Use cmake to build and install in a local directory.
$ mkdir build
$ cd build
$ cmake -DTRITON_ENABLE_GPU=ON -DCMAKE_INSTALL_PREFIX:PATH=`pwd`/install ..
$ make install
The following required Triton repositories will be pulled and used in the build. By default the "main" branch/tag will be used for each repo but the listed CMake argument can be used to override.
- triton-inference-server/backend: -DTRITON_BACKEND_REPO_TAG=[tag]
- triton-inference-server/core: -DTRITON_CORE_REPO_TAG=[tag]
- triton-inference-server/common: -DTRITON_COMMON_REPO_TAG=[tag]
If you are building on a release branch (or on a development branch that is based off of a release branch), then you must set these cmake arguments to point to that release branch as well.
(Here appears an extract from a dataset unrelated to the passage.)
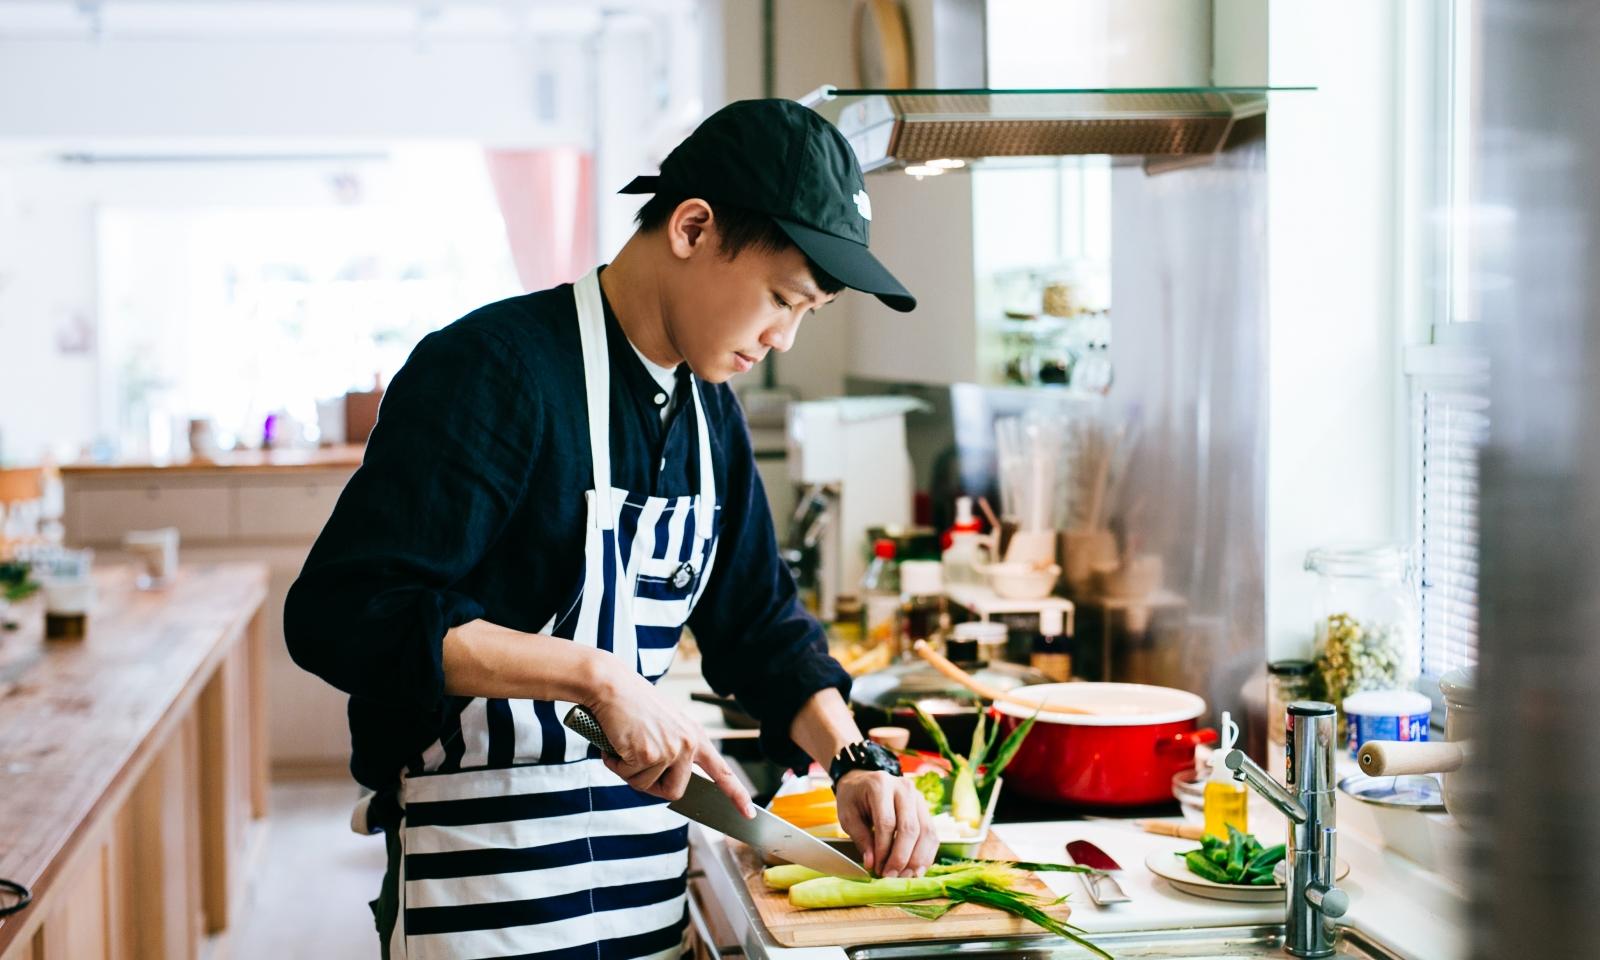 7 a.m. to 9 a.m.  不務正業男子 Ayo:煮一桌慰勞熬夜身心的早餐

For example, if you are building the r23.04 identity_backend branch then you need to use the following additional cmake flags:
-DTRITON_BACKEND_REPO_TAG=r23.04
-DTRITON_CORE_REPO_TAG=r23.04
-DTRITON_COMMON_REPO_TAG=r23.04
When TRITON_ENABLE_METRICS
is enabled, this backend implements an example
of registering a custom metric to Triton's existing metrics endpoint via the
Metrics API.
This metric will track the cumulative input_byte_size
of all requests
to this backend per-model. Here's an example output of the custom metric
from Triton's metrics endpoint after a few requests to each model:
# HELP input_byte_size_counter Cumulative input byte size of all requests received by the model
# TYPE input_byte_size_counter counter
input_byte_size_counter{model="identity_uint32",version="1"} 64.000000
input_byte_size_counter{model="identity_fp32",version="1"} 32.000000
This example can be referenced to implement custom metrics for various use cases.